Much of the show’s comedy is woven into dialogue, giving everyone a punchline at some point, though Woon-A-Tai and Jacobs mostly play it straight. (Jacobs has less choice in this regard given Elora Danon’s role as the mastermind of the outfit and the fact that she shares a name with the baby in “Willow,” an anecdote that inspires at least a bit in each episode.)

The biggest reveal is, aside from Alexis’ naturally winning awkwardness as Willie Jack, is McClarnon’s unflinching madness. McClarnon is an actor known for his stoic, barely verbal portrayals in “Fargo” and “Westworld,” and with Big, he plays on that reputation by delivering silly proclamations with total authority – like explaining to Bear why an energy drink is. healthier. than soda. “It’s natural. It’s made of energy.”

Don’t underestimate the prominence of underground hip-hop artists Lil Mike and Funnybone like Mose and Mekko. Their roles in the story fall somewhere between the Hood versions of Rosencrantz and Guildenstern and a Greek choir, somewhat neutral parts that see everything and cause conflict, mostly to keep things interesting. And the performers brilliantly deploy their perfect syncope.
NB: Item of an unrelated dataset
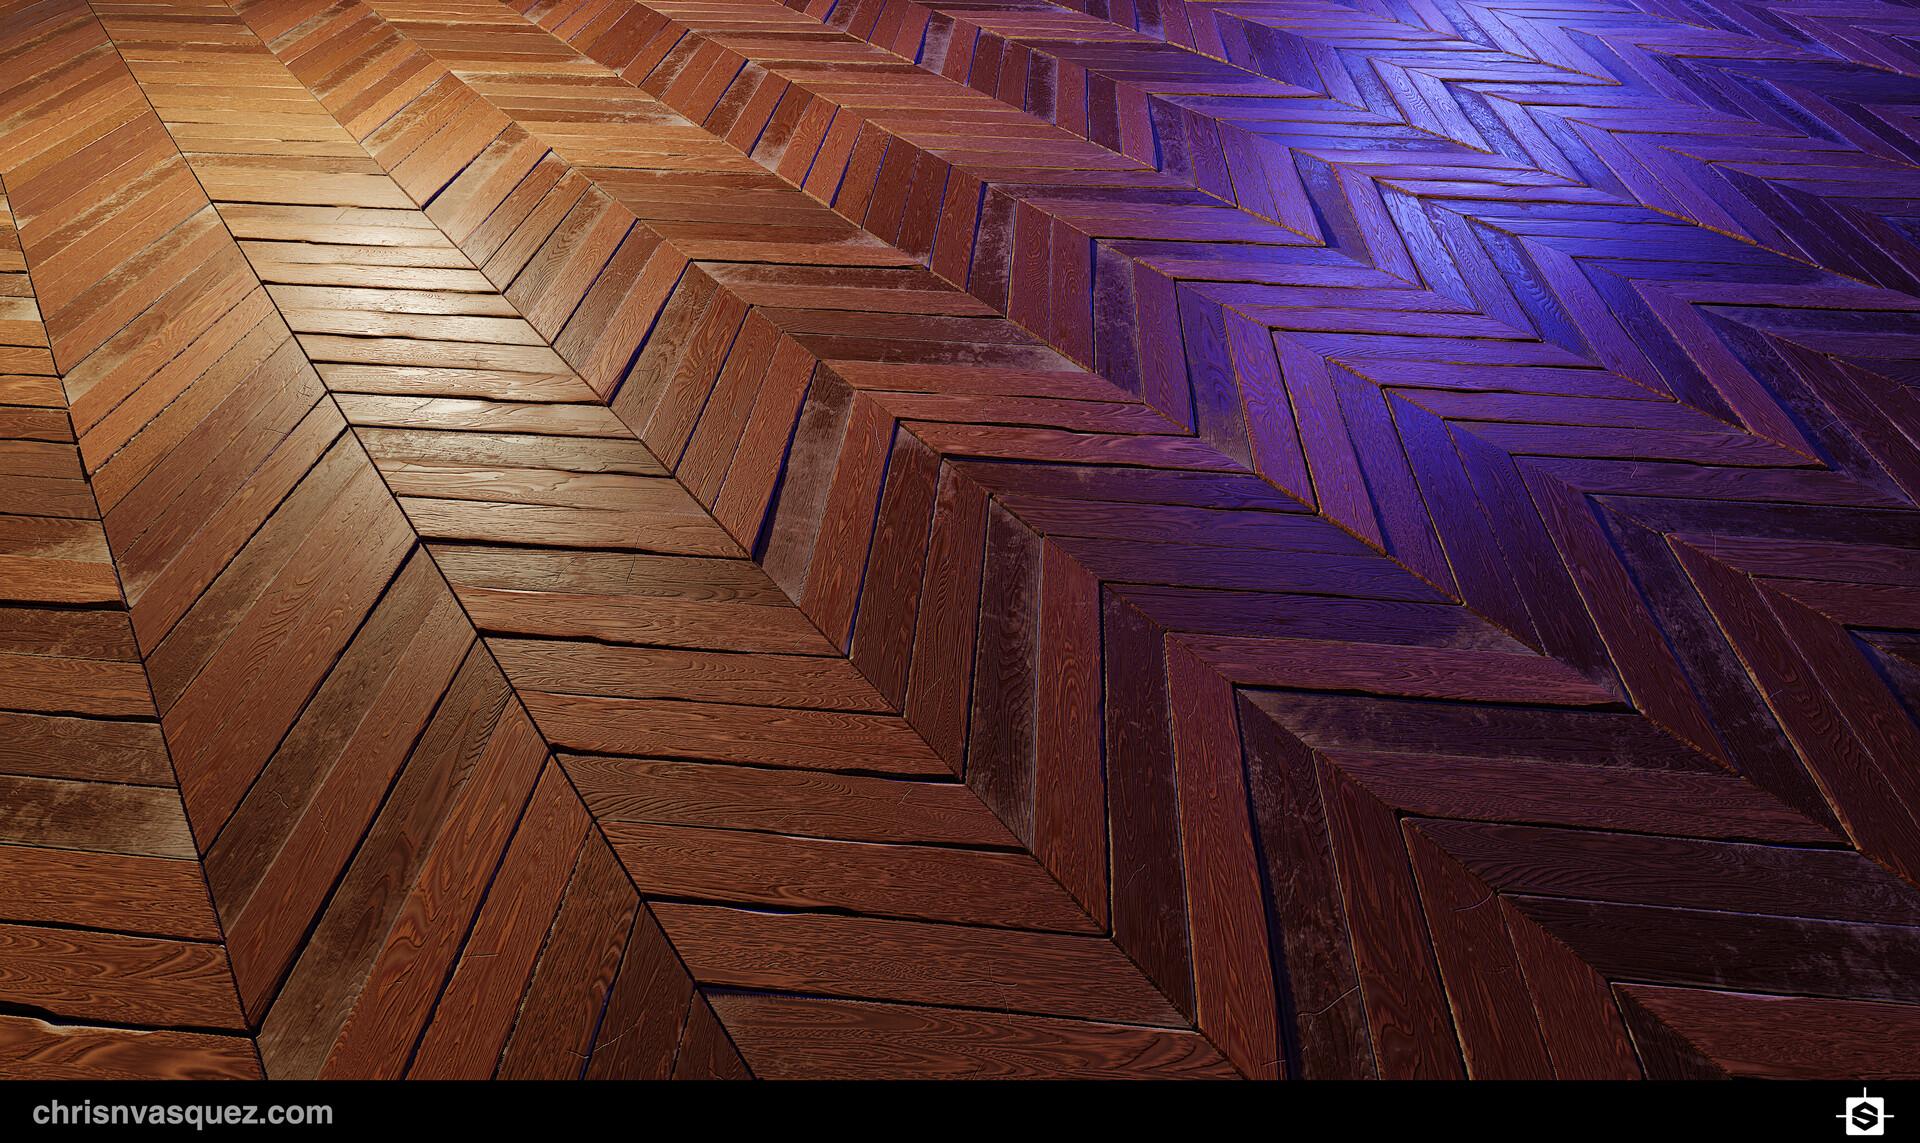 Christian vasquez venicesunrise floor

If “Reservation Dogs” were set in other American locations, people would compare it to “The Wonder Years” and the dynamics of its core quartet to that of the protagonists, “That ’70s Show”. But he’s decidedly one of a kind, using tributes from other shows and movies to strengthen our bond with his heroes by tapping into a shared love for such stories. Accurate and honest film and television portrayals of Indigenous peoples barely exist, which brings an added level of satisfaction and joy to watching this show. It gives the impression that these are people who know and love to laugh and encourage. Best of all, it makes us want to see more shows like this.

“Reservation Dogs” will air Monday, August 9 on FX on Hulu.